If you want to spend some time diving into it that's great! 😎
You can install this new version using npm install linkedin-jobs-scraper@next
.
Let me know if you find something we have to fix to make it working properly 🙃
Great! I will try to test in the next few days and give you an update with the result 😄
Hi @spinlud,
So I tried to work on this today but unfortunately couldn't solve the problem.
I have created a proxy server in AWS EC2 to be sure the problem is not with the local proxy.

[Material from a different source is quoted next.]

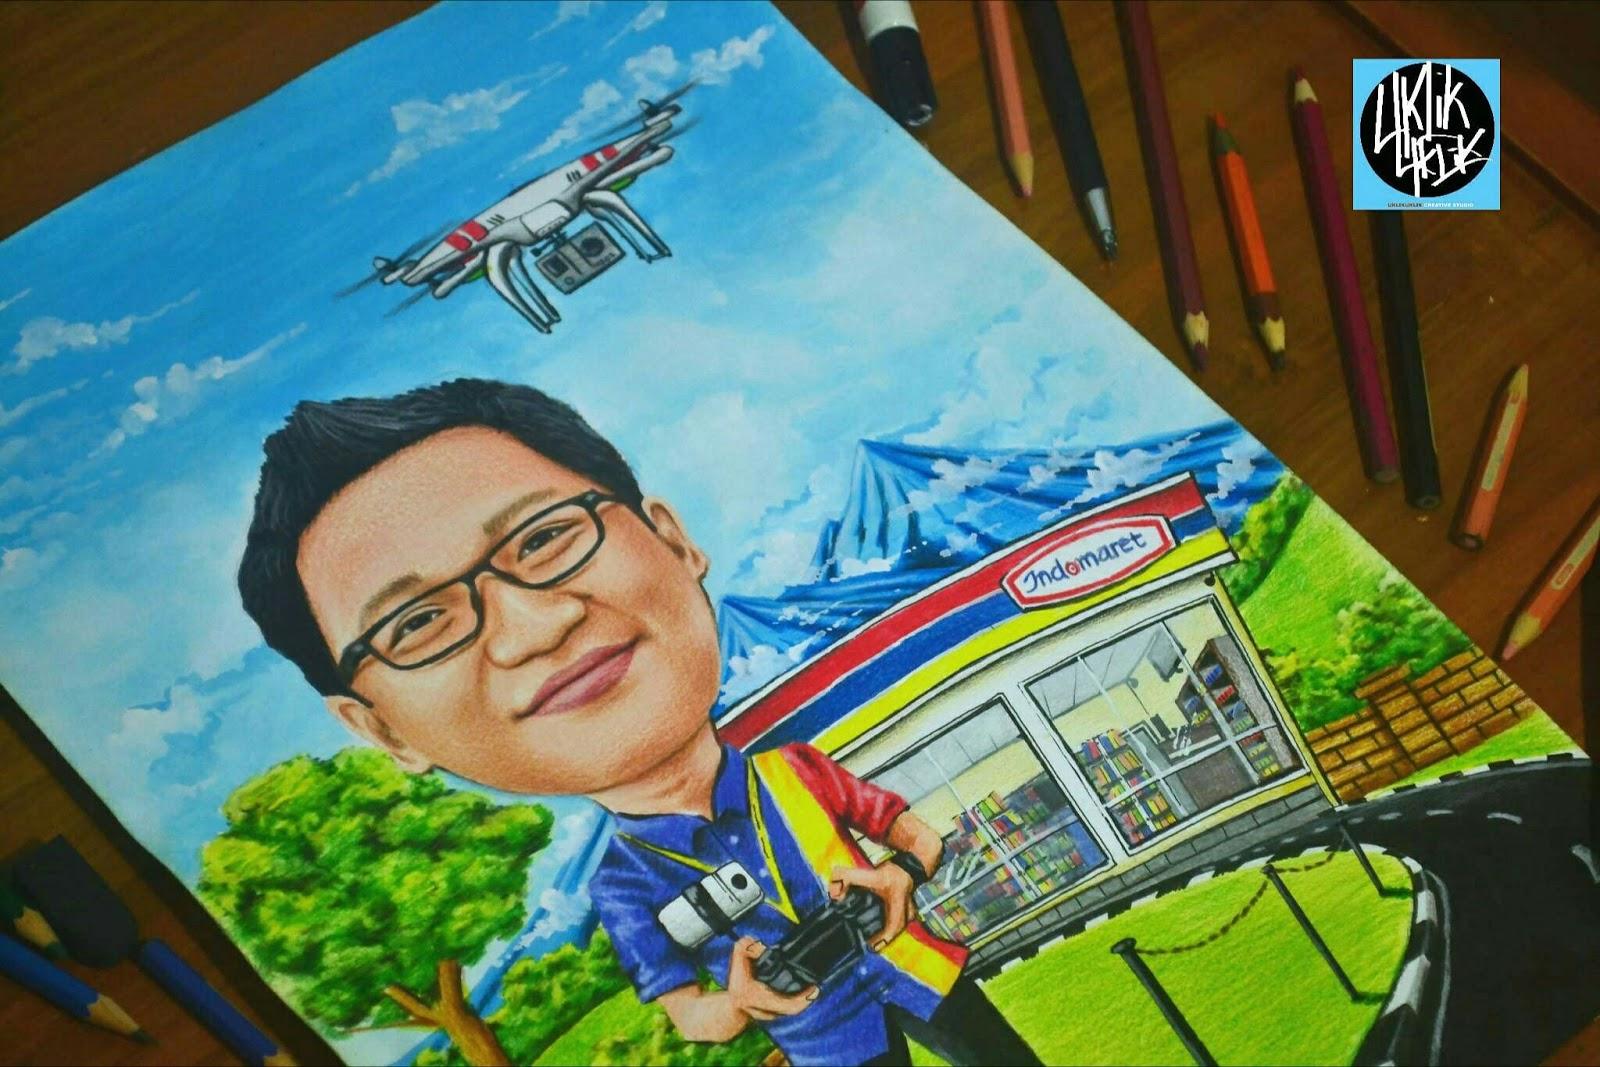 Jasa Karikatur Unik Surabaya Jasa Karikatur Unik Jawa Timur Jasa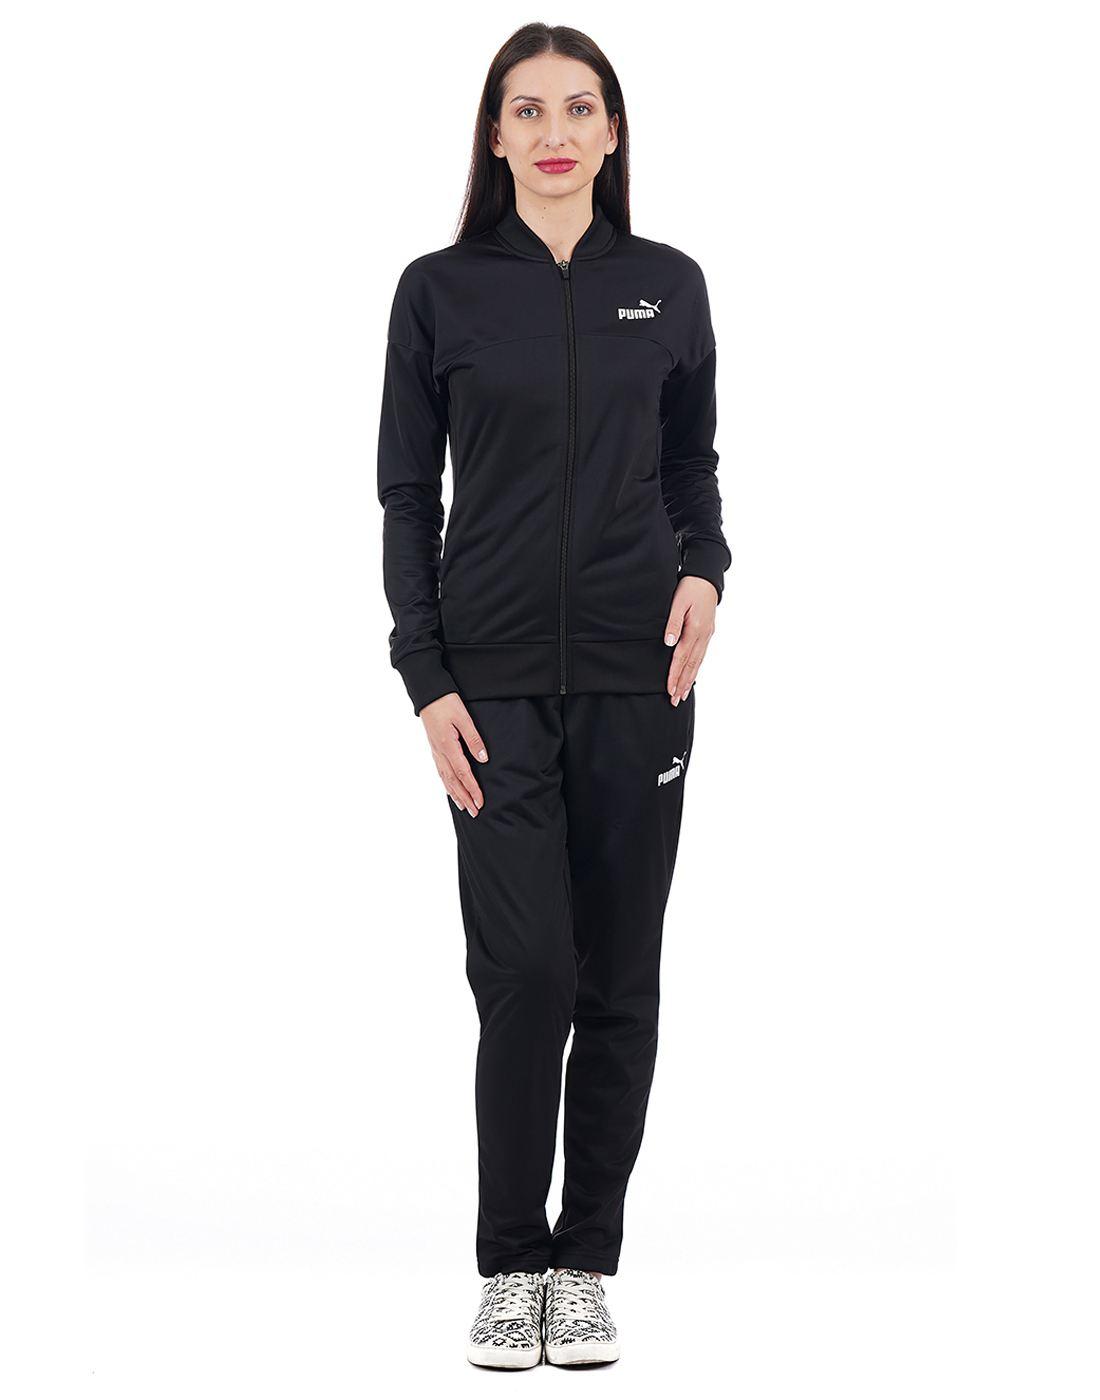 Puma Women Black Track Suit

I also tried to change the proxy library from puppeteer-page-proxy
to puppeteer-proxy
but got the same result.
This is the log I'm always getting:
scraper:info Env variable LI_AT_COOKIE detected. Using LoggedInRunStrategy +0ms
scraper:info Setting chrome launch options {
headless: false,
args: [
'--enable-automation',
'--start-maximized',
'--window-size=1472,828',
'--lang=en-GB',
'--no-sandbox',
'--disable-setuid-sandbox',
'--disable-gpu',
'--disable-dev-shm-usage',
'--no-sandbox',
'--disable-setuid-sandbox',
'--disable-dev-shm-usage',
"--proxy-server='direct://",
'--proxy-bypass-list=*',
'--disable-accelerated-2d-canvas',
'--disable-gpu',
'--allow-running-insecure-content',
'--disable-web-security',
'--disable-client-side-phishing-detection',
'--disable-notifications',
'--mute-audio',
'--lang=en-GB'
],
defaultViewport: null,
pipe: true,
slowMo: 100,
proxies: [ 'http://18.193.119.8:9876' ]
} +3ms
scraper:info [ ][Israel] Starting new query: query=" " location="Israel" +802ms
scraper:info [ ][Israel] Query options { locations: [ 'Israel' ], limit: 10000, optimize: true } +0ms
scraper:info Setting authentication cookie +4s
scraper:info [ ][Israel] Opening https://www.linkedin.com/jobs/search?keywords=+&location=Israel&redirect=false&position=1&pageNum=0 +214ms
scraper:warn [ ][Israel] 400 Error for request https://www.linkedin.com/homepage-guest/api/ingraphs/gauge?csrfToken=ajax%3A7235276711670027529 +0ms
scraper:info [ ][Israel] Session is valid +10s
scraper:info [ ][Israel] Jobs fetched: 7 +111ms
scraper:error [ ][Israel][1] Timeout on loading job details +0ms
scraper:error [ ][Israel][1] Timeout on loading job details +5s
scraper:error [ ][Israel][1] Timeout on loading job details +5s
scraper:error [ ][Israel][1] Timeout on loading job details +5s
scraper:error [ ][Israel][1] Timeout on loading job details +5s
scraper:error [ ][Israel][1] Timeout on loading job details +5s
scraper:error [ ][Israel][1] Timeout on loading job details +5s
scraper:info [ ][Israel][1] Pagination requested (2) +32s
scraper:info [ ][Israel][1] Timeout on loading more jobs +2s
scraper:info [ ][Israel][1] There are no more jobs available for the current query +1ms
All done!
And these are the logs from the proxy server:
Anyway thanks for the effort, sorry for not be able to solve this issue 😅
Ehi, thanks anyway for trying! It probably requires more time to investigate. I am very busy right now but in case of any update on the matter I'll let you know! 😎
Hi @spinlud 😄 What do you think about the option to add a proxy? I saw this library or: https://github.com/Cuadrix/puppeteer-page-proxy for adding a proxy per page/request.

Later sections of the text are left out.